The story begins one morning three weeks ago with the receipt of an email from Chase, the issuer of my Southwest airlines credit card, that alerted me to the pending arrival of a “the new card that I ordered.” It also cautioned me to contact Chase if I hadn’t ordered it, and as I hadn’t ordered it I immediately called the call center.
And thus began a comedy of errors that has run now for three solid weeks. First I was told not to worry, that this must be some kind of routine re-order. I persisted, and was then told that indeed my wife had ordered the new cards the night before. I told them she hadn’t, and I was asked, I swear, if I was sure that she hadn’t. Yes, I was sure. I was even asked if I had actually asked her if she had ordered the card. This conversation was going south quickly.

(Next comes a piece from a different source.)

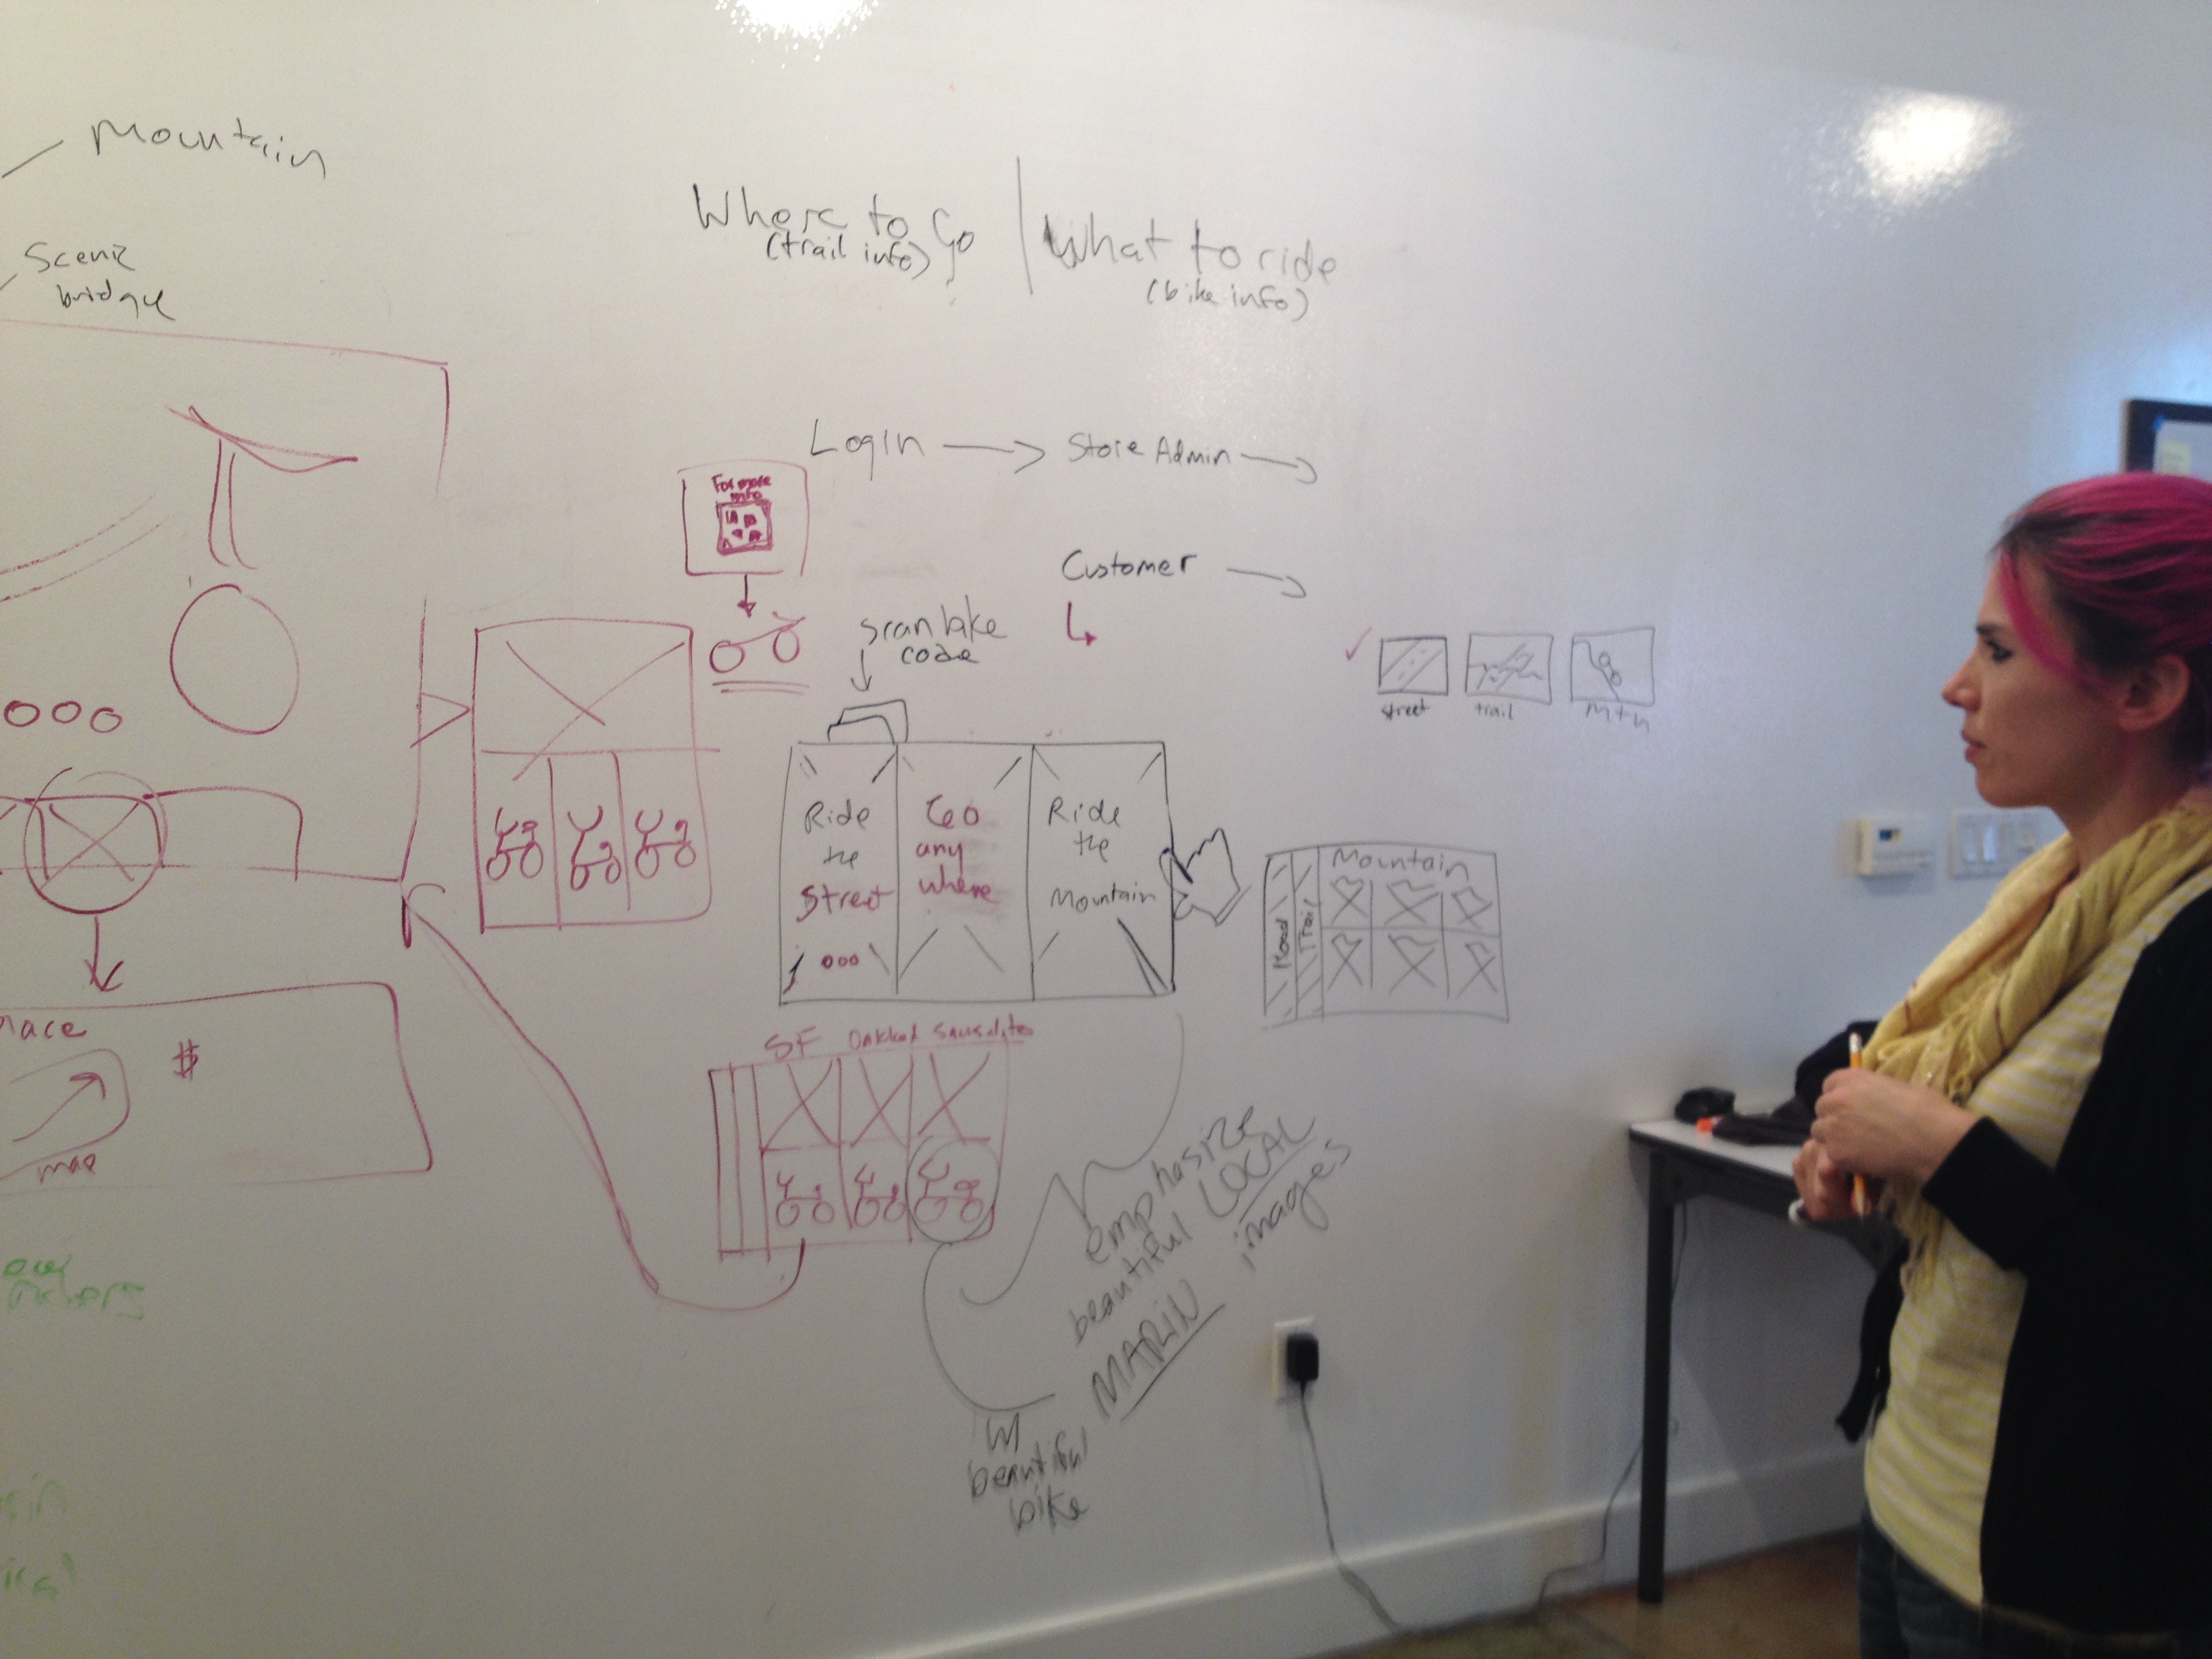 Image of the userflow made with markers on the wall

Having filled my idiot quotient already, I forced the call center agent to put her supervisor on, and he and I determined that some sort of fraud was happening, though with a curious twist: the new card was being sent to our home address. Nonetheless, we cancelled the card, retired the account number, and ordered new cards to be sent to us. And we put a new security password on the account so that all future activity would be required to “go through” the new password. For the record, the new password was written down on a piece of paper and my wife and I then entered it into our respective computer systems using a relatively elaborate code.
That afternoon, armed with the tracking number for the fraudulent card (but not the new ones, Chase didn’t give that tracking number to me) I began to track the package on the UPS site. At 3 pm a notation showed that the packaged was being diverted from home delivery to a pickup at a UPS facility, on the request of the receiver – not me, but obviously the woman who had pretended to by my wife. This made some sense, as it wasn’t obvious how the thief planned to get a hold of the card once it had been delivered to my house. It would be soon, however: I hadn’t counted on the UPS side of this scam.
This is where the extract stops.